Tuesday, March 29, 2016

Hospital has increased focus on patient care

By Kristen Suarez

BURLINGTON, VT— In the United States alone, millions of patients every year

are harmed in hospitals, while being treated. These errors can occur due to lack of

communication, spread of infection, and reactions from drugs along with other errors.

The Institute of Medicine reported that 98,000 people die in hospitals each year as a

result of medical errors that could have been prevented, according to two major studies

conducted in 2013.

In recent years, The Centers of Medicare and Medicaid Services, is changing the

way Medicare pays for hospital care by rewarding hospitals for delivering services of

higher quality and higher values. Hospital Consumer Assessment of Healthcare Providers

and Systems, HCAHPS, has become increasingly important for hospitals all over the

United States. These surveys are used to measure patient’s perspectives on hospital care.

This is the first national standard for collecting or publicly recording patients’

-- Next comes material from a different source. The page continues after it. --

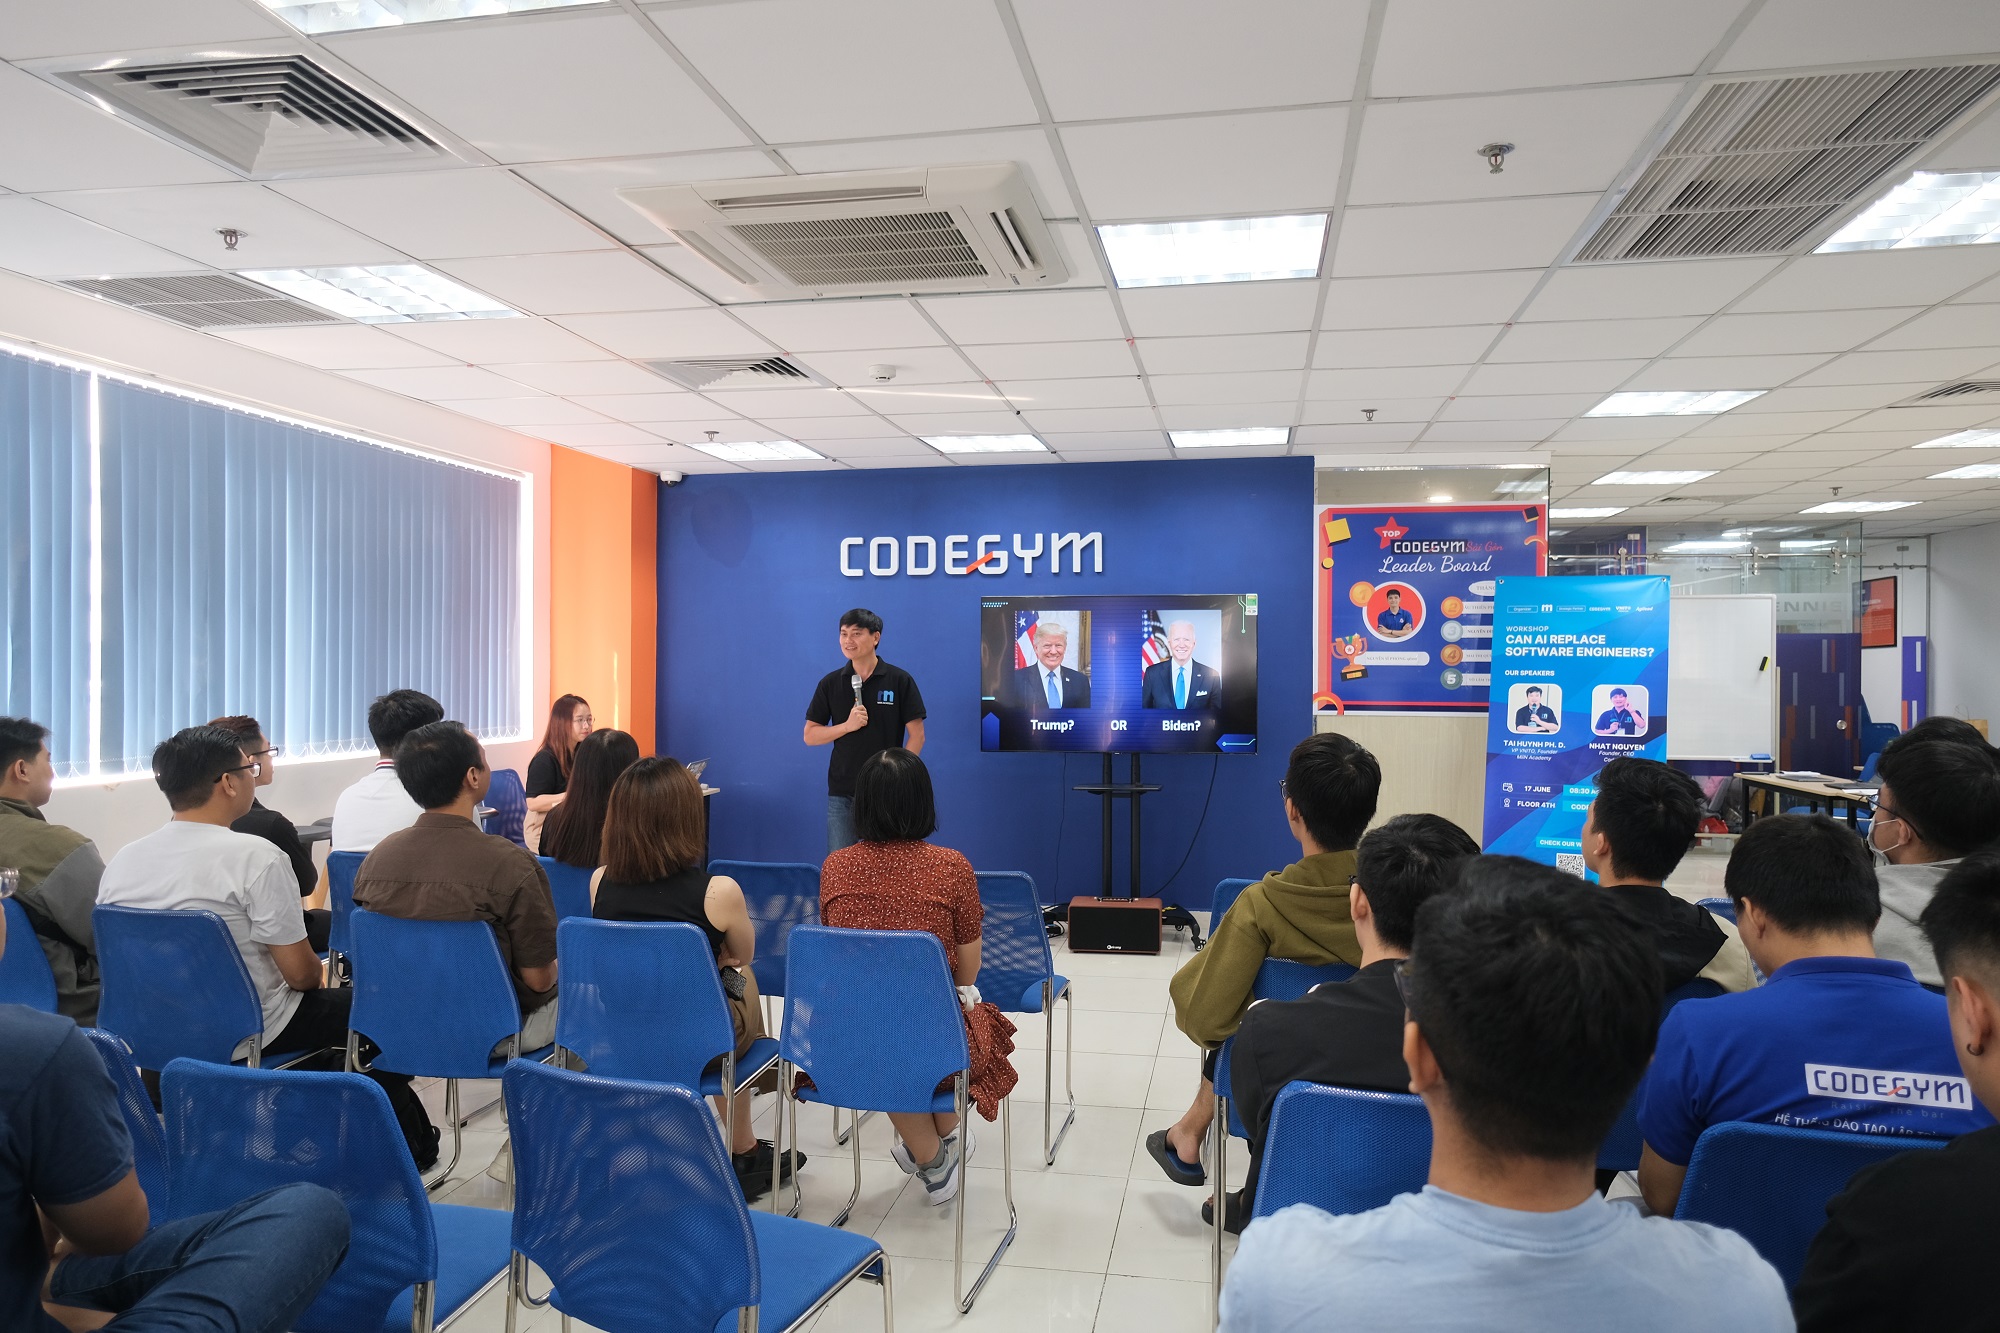 Anh Nguyễn Khắc Nhật, Founder, CEO CodeGym chia sẻ về sự phát triển của AI ảnh hưởng như thế nào đến công việc của các kỹ sư phần mềm

perspective. The success of a hospital is now weighed heavily on these HCAHPS scores.

The University of Vermont Medical Center has created the Patient and Family

Centered Care Steering Committee to help improve hospital quality by working. This

committee aims to create mutually beneficial partnerships among health care, patients,

families, and providers. Members of this group include nursing, physicians, human

resources, the UVM Medical group, and UVM College of Nursing and Health Sciences.

After attending a Patient and Family Centered Care conference Lisa Emerson:

Nurse Manager, Baird 5, recognized the importance of a PFCC and pushed to start the

committee. “I asked my mentor, if I were to really push for patient and family centered

care on Baird 5 what would that look like, what is the first thing I’d have to do? And she

said you need a patient and family centered advisory council, that’s the number one thing,

so she helped me get the ball rolling on that, and from there it just became what I talked

about all the time, it was what I felt very strongly about, like this is the only real way that

we can truly take care of our patients and families with the dignity and respect that they

deserve.” Emerson said.

“And so that was that, but then the organization started looking at the patient

experience, so HCAHPS, became a big thing, and our hospital scores were not that great,

and that really looks at the patients experience, rather than there satisfaction.”

Over the past two years a formal position has been created to focus on these

issues. Amy Cohen, Patient and Family Centered Care Project Manager, and Charlotte

Safran, Patient and Family Centered Car Coordinator work together at The University of

Vermont Medical Center towards improving patient and family centered care.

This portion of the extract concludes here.